American real estate entrepreneur (1939–2022)

Lawrence David Ackman (April 29, 1939 – May 31, 2022) was an American real estate entrepreneur who led the Ackman-Ziff Real Estate Group, a company founded by his father and uncle. Ackman is noted for playing a role in the development of the mortgage brokerage industry. His son Bill Ackman is a billionaire hedge-fund mogul.

== Early life and education ==
Lawrence David Ackman was born on April 29, 1939, in New York City to Herman and Jean (Miller) Ackman. His paternal grandfather, Abraham Ackman immigrated to the United States from Russia in 1887. Ackman was raised in Manhattan and the Bronx; he attended the Riverdale Country School, graduating in 1956. Ackman attended Brown University for his undergraduate studies, majoring in economics. He completed his MBA in finance at Harvard Business School in 1963.

== Career ==
During his career, Ackman arranged financing for Seymour Durst, Friedland Properties, and Harry Helmsley, among other clients.
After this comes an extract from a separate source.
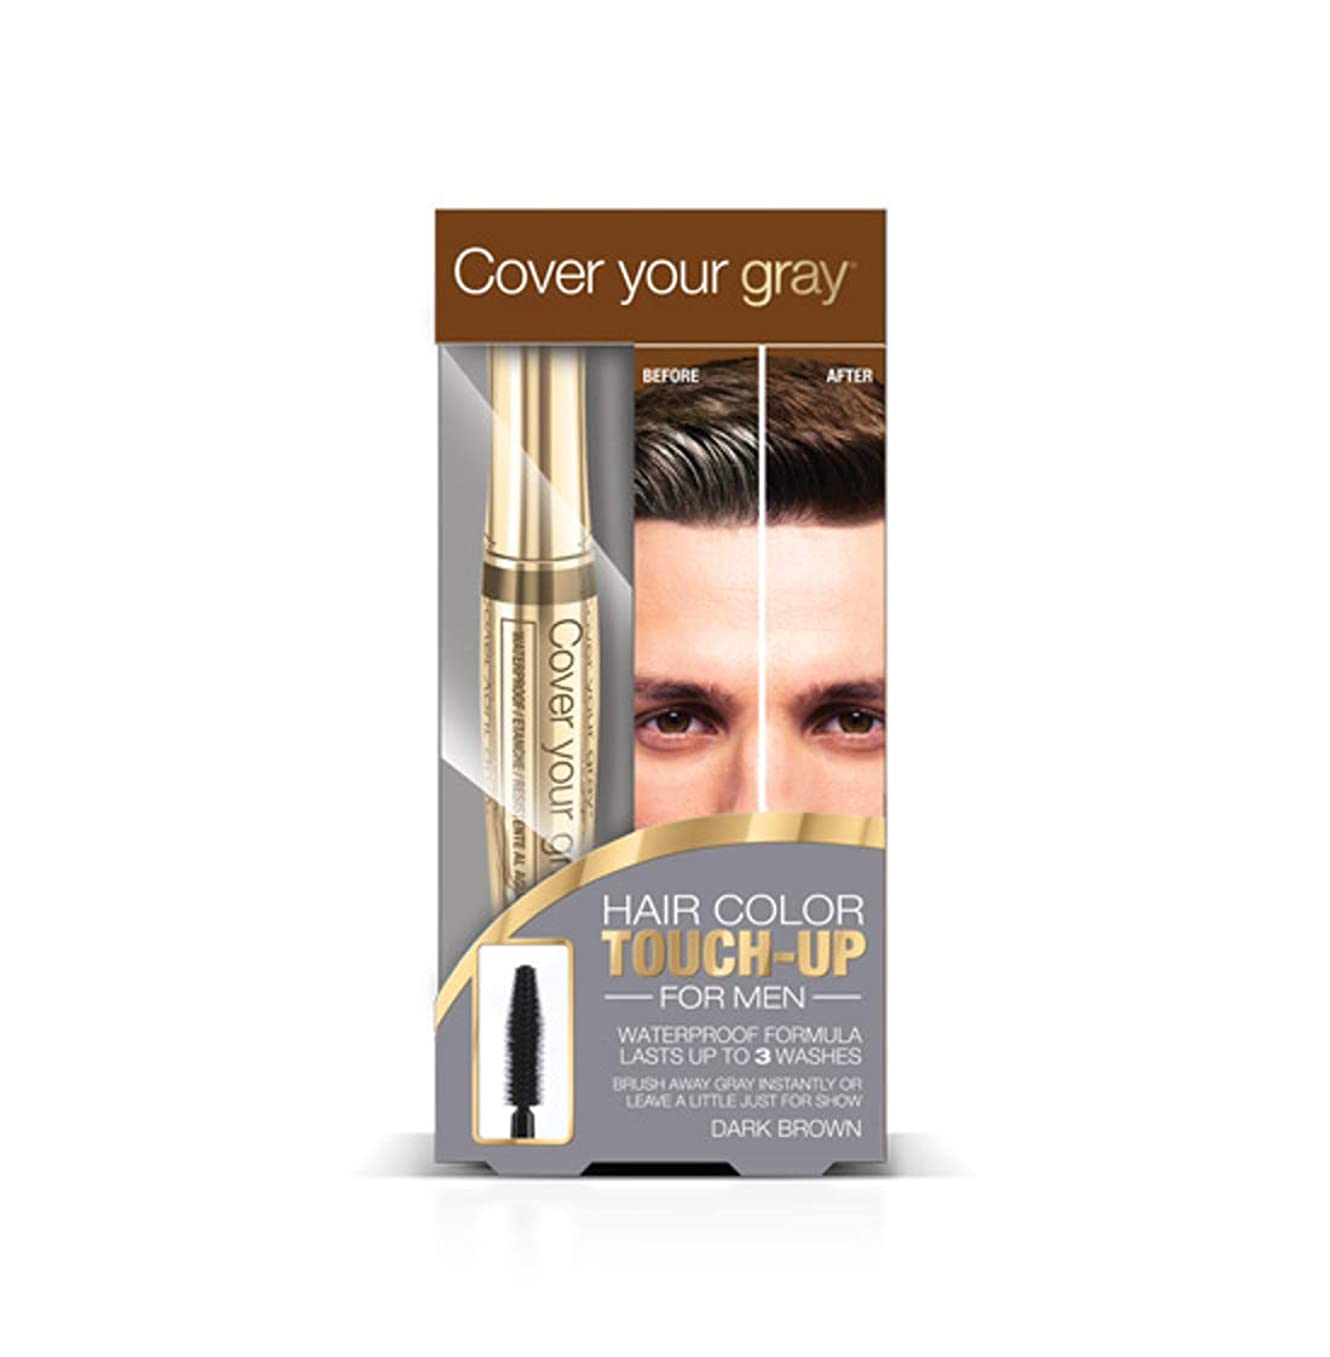 腫瘍樹皮専門化するCover Your Gray メンズ防水ブラシイン - ダークブラウン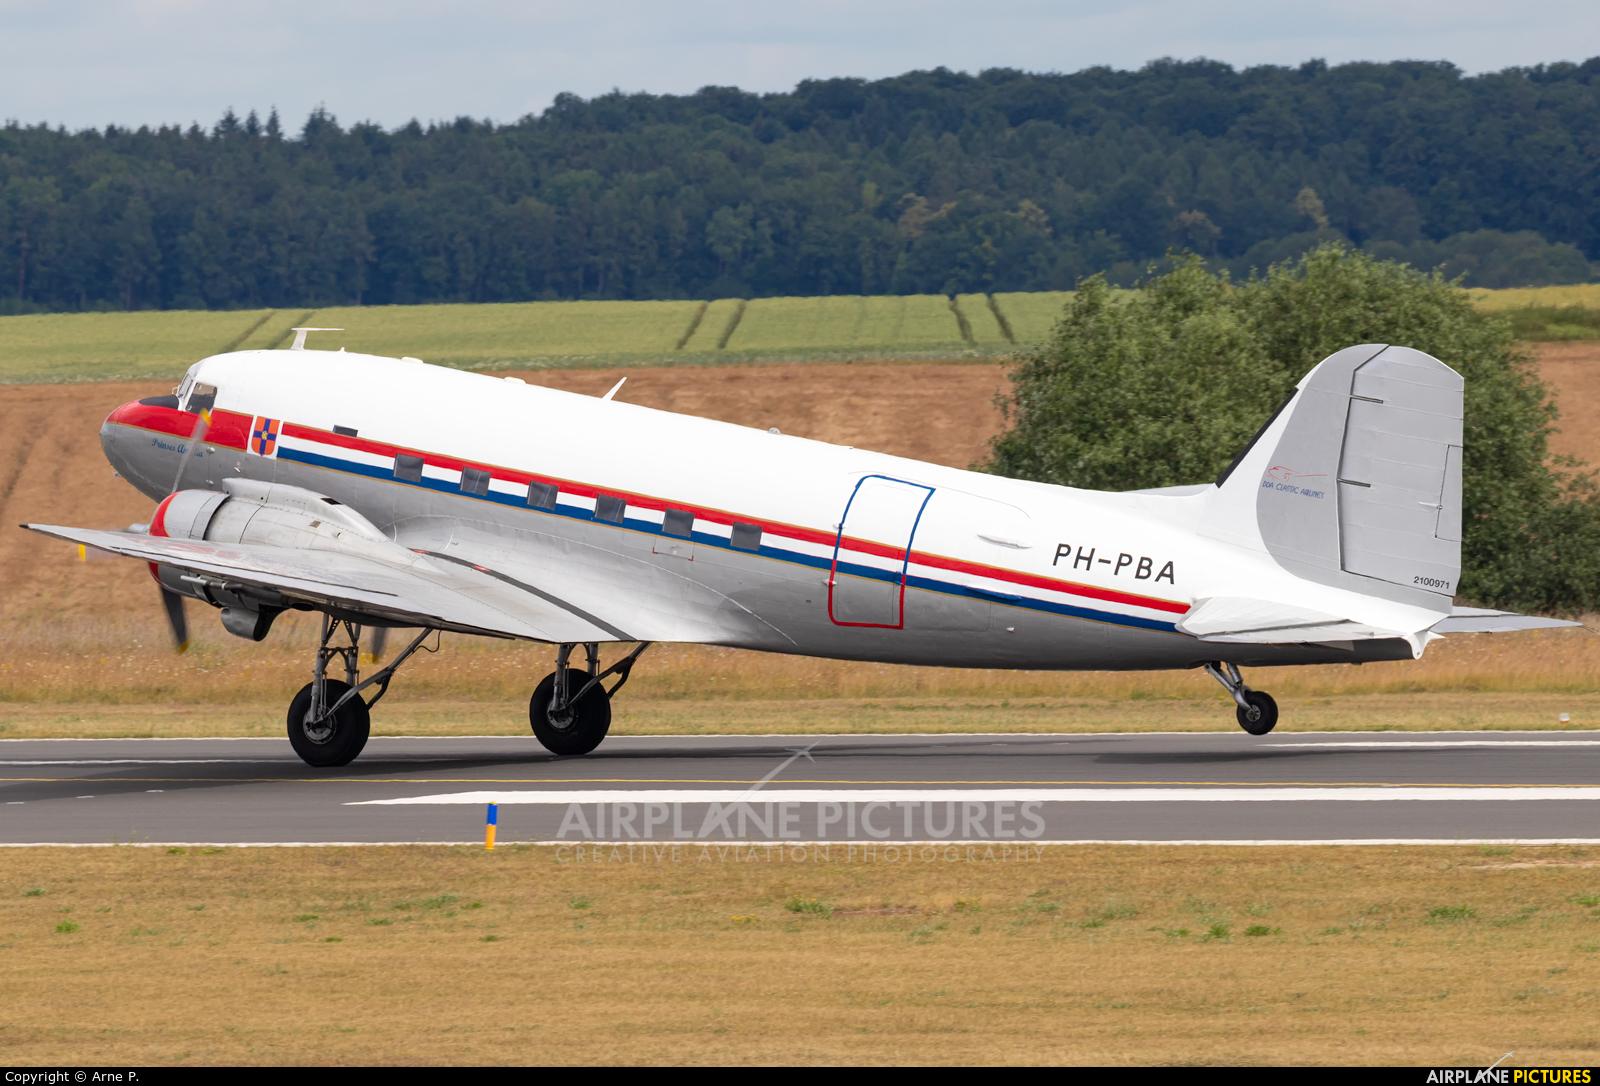 DDA Classic Airlines PH-PBA aircraft at Kassel-Calden

In the 1990s, Ackman worked to finance the redevelopment of a property on Manhattan's Ninth Avenue, which now houses Chelsea Market.

Ackman became president of the Ackman-Ziff Real Estate Group in 1968 and the company's CEO in 1977.

== Personal life ==
Ackman sat on the board of the New York Philharmonic and served as Chairman of the Pershing Square Foundation.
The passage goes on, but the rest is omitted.